Will this increase the amount of solar energy transferred in a solar air heater?
C.
I'm looking to build a home-made solar air heater like this model:
http://www.atlanticenergy.ca/projects/WayneLangilleSolarAirCollectors/tabid/72/Default.aspx
My question is regarding the optimal design for the heating chamber.
Often in these solar air heaters the heating chambers are strings of
aluminum cans, or in the case of the air heater above, aluminum
ducting tubes.
However, some hobbyists on the Internet have suggested that if the
surface of heating chamber is instead a sheet of aluminum that is bent
to create waves, we would increase the efficiency of the unit. The
theory is that by introducing peaks and troughs in the sheet, we
increase the surface area of the heating chamber, and ergo more solar
energy will be captured.
I would have thought that increasing the surface area of the heating
chamber would not effect any increase in solar radiation as the amount
of sunlight being shone on the unit would not change. I believe that
the only way to increase the amount of energy captured would be to
increase the overall size of the solar air heating unit.
Am I mistaken? Is there possibly a difference between the amount of
heat generated in a smooth cylindrical chamber versus a wavy one?
Regards,
Chris
Morris Dovey
> I would have thought that increasing the surface area of the heating
> chamber would not effect any increase in solar radiation as the amount
> of sunlight being shone on the unit would not change. I believe that
> the only way to increase the amount of energy captured would be to
> increase the overall size of the solar air heating unit.
Let me muddy the water a bit... :)
You're correct in that for a given orientation and glazing material, the
amount of solar radiation INPUT is determined only by the area of the
aperture.
For a given input, the amount of solar radiation CAPTURED is a function
of the absorber efficiency.
And - for a given amount of captured energy, the amount of heat actually
DELIVERED will be less than the amount of energy captured by the sum of
all losses.
> Am I mistaken? Is there possibly a difference between the amount of
> heat generated in a smooth cylindrical chamber versus a wavy one?

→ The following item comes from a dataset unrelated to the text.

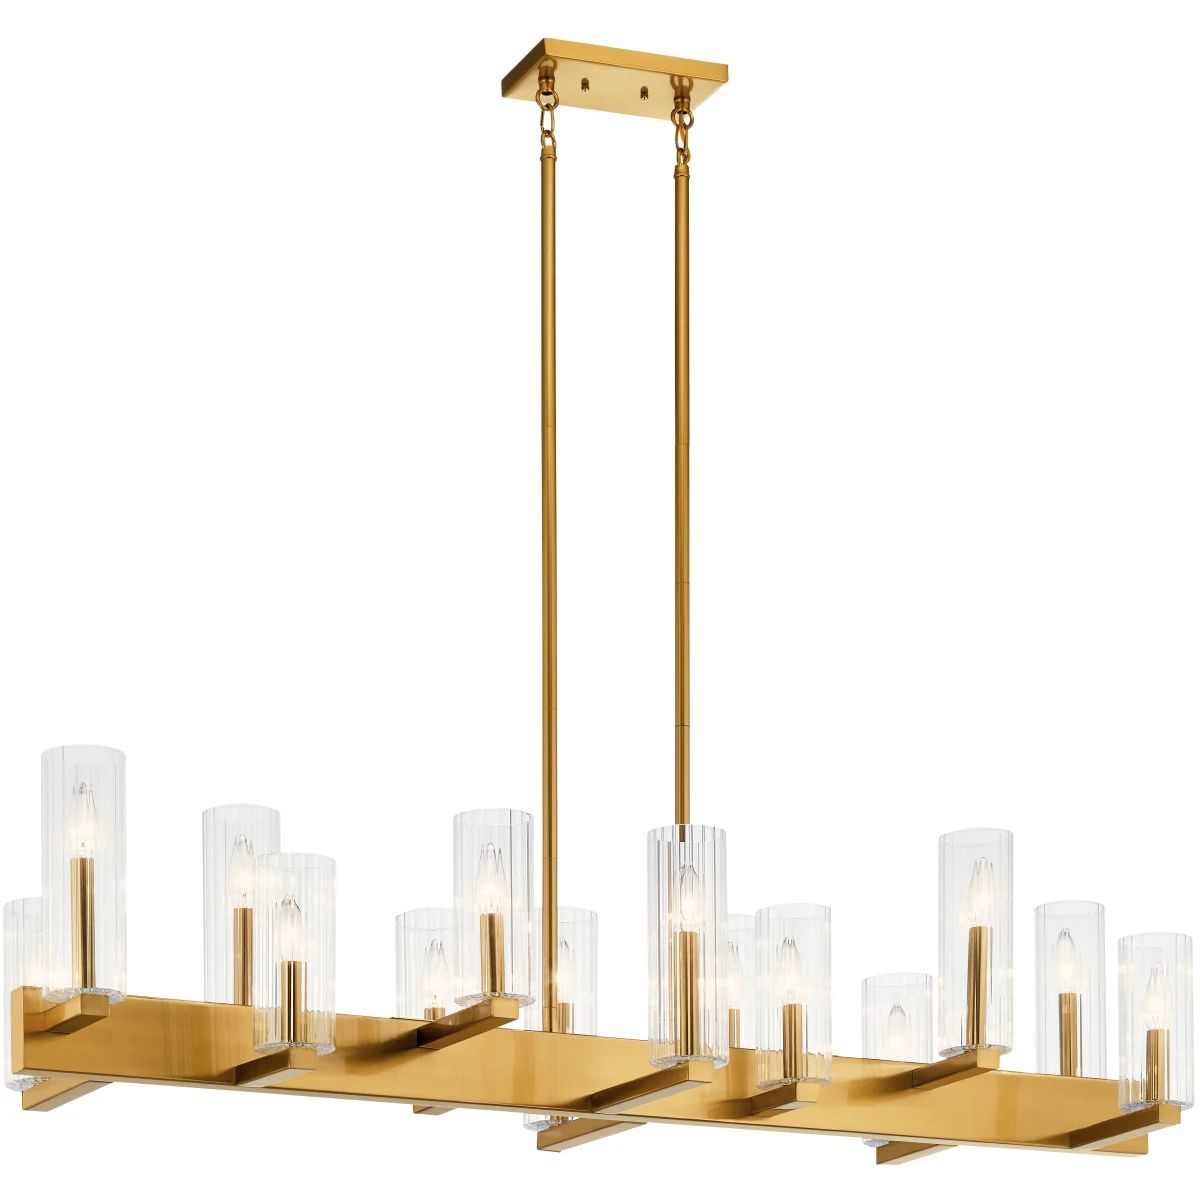 Kichler 44317FXG Fox Gold Cleara 14 Light 53" Wide Taper Candle Chandelier | Build.com, Inc.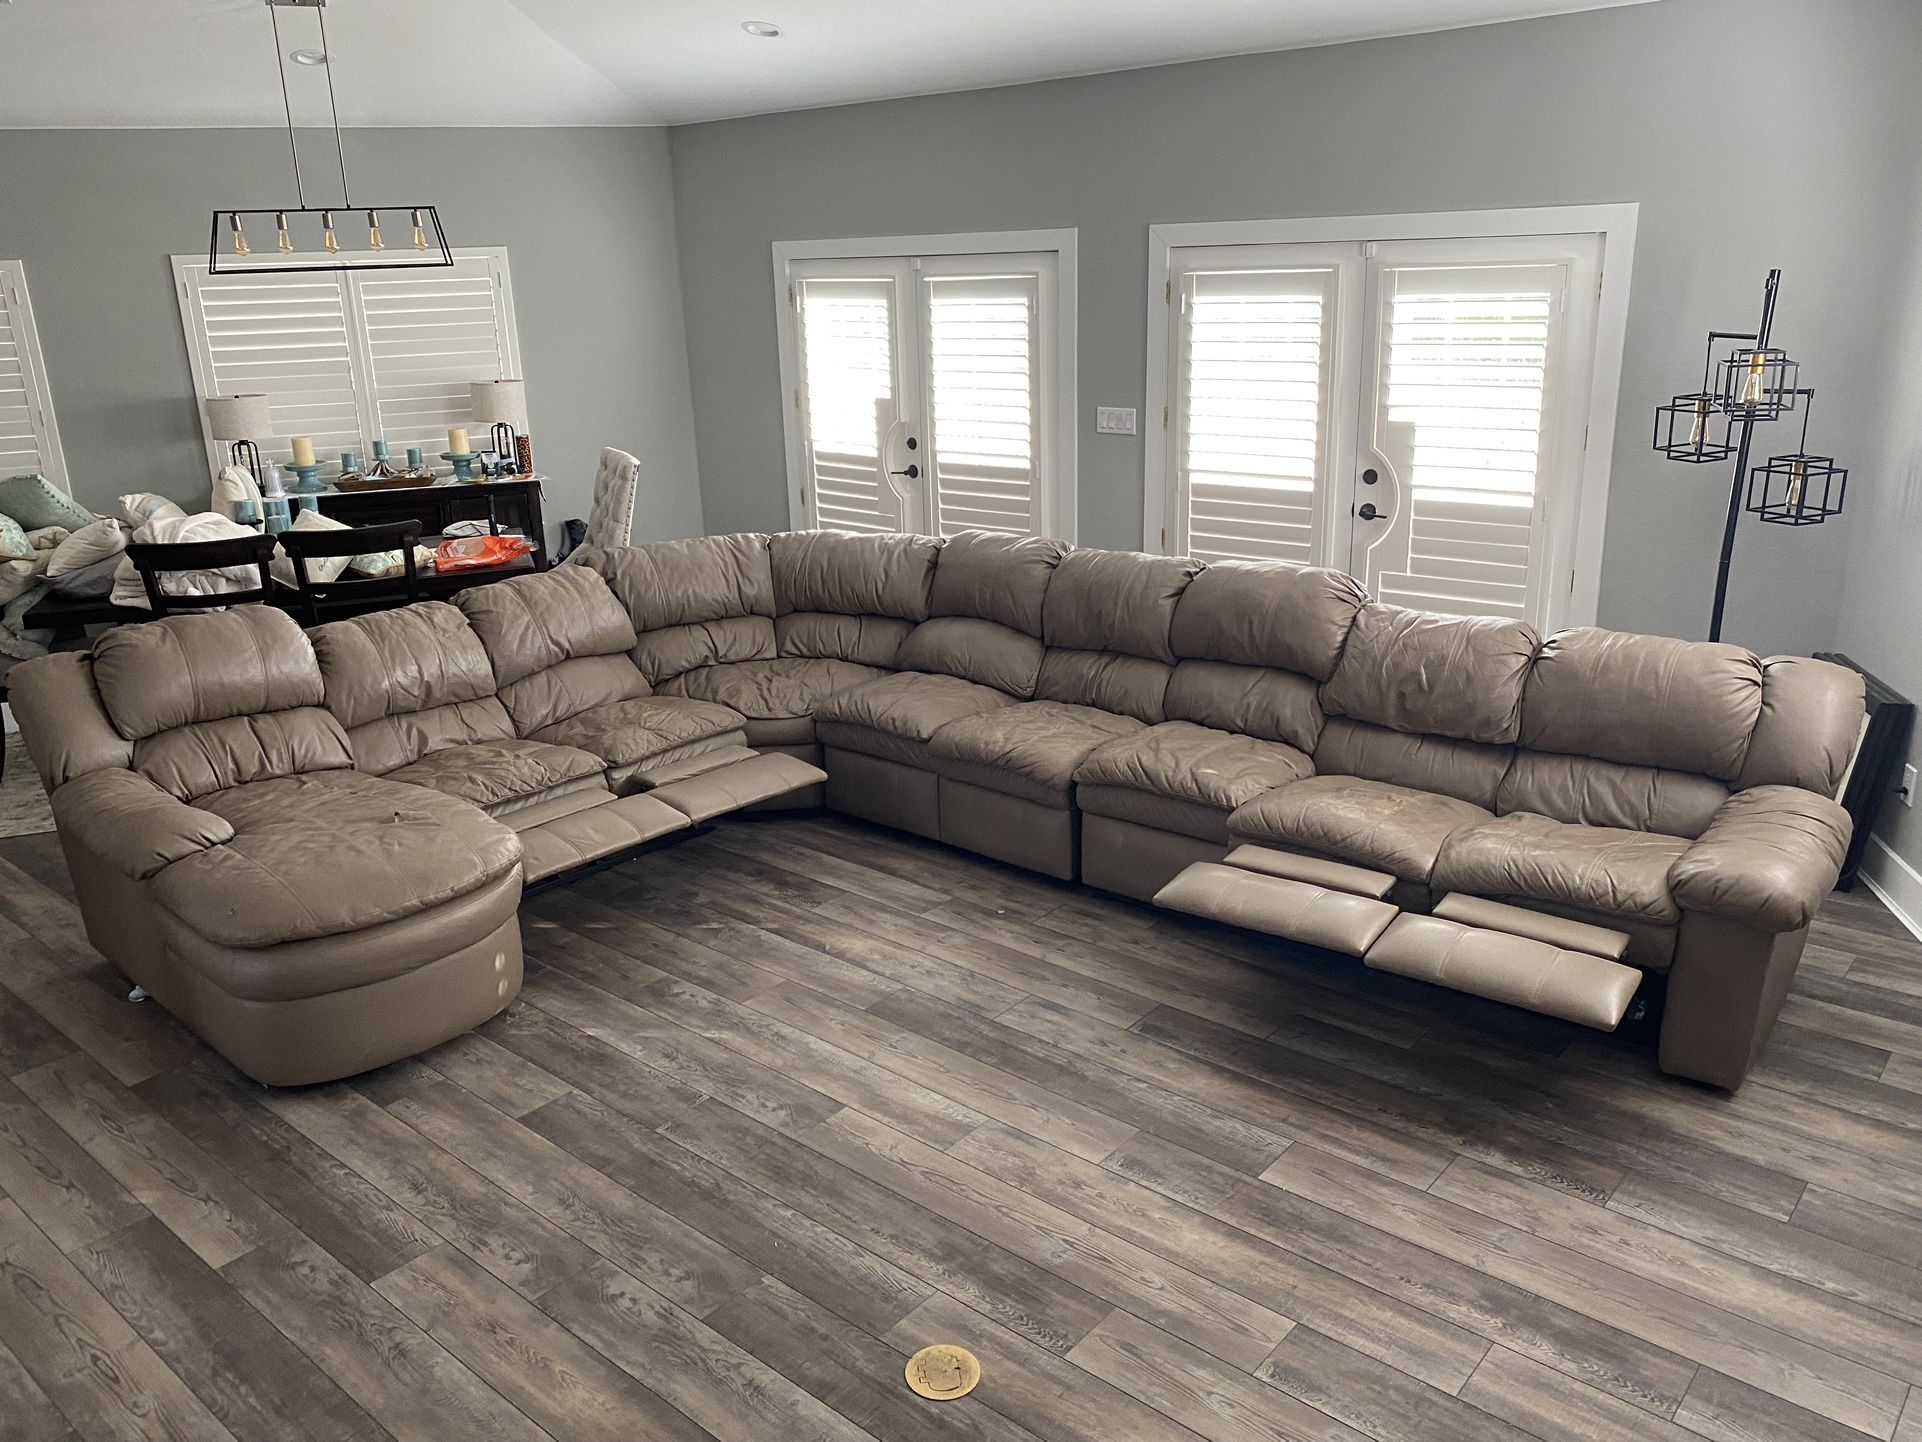 Huge Leather Sectional Sofa with 4 Recliners

You're not mistaken - BUT there will be a difference if the two
absorbers behave differently (ie: have different efficiencies or produce
different loss amounts).
--
Morris Dovey
DeSoto Solar
DeSoto, Iowa USA
http://www.iedu.com/DeSoto/
C.
figure this out!
I guess my question now is:
Is the efficiency of an absorber is affected at all by its surface
area? Given a fixed amount of solar radiation, will a wavy absorber
help mitigate any losses by the unit?
Regards,
Chris
Morris Dovey
> Is the efficiency of an absorber is affected at all by its surface
> area?
Oooh - you're not gonna like this...
Maybe. :) It depends on a whole handful of variables, and for every
simple rule that I could think of, I could also find exceptions...
Surface area can work for you or against you (and even do both at the
same time).
> Given a fixed amount of solar radiation, will a wavy absorber
> help mitigate any losses by the unit?
Maybe (again).
...and even I don't find my answers very satisfying. :(
Ecnerwal
<60c2aff6-0bb7-4867...@e7g2000vbe.googlegroups.com>,
"C." <hard...@hotmail.com> wrote:
You want efficient collector, go to the flow-though adsorber designs -
cool air to the bottom/outside, absorber of black screen (several
layers) or furnace filter, hot air on the back/top side. Metallic
absorbers are the sort of 20th century technology that made sure that
solar didn't work very well outside of Tuscon...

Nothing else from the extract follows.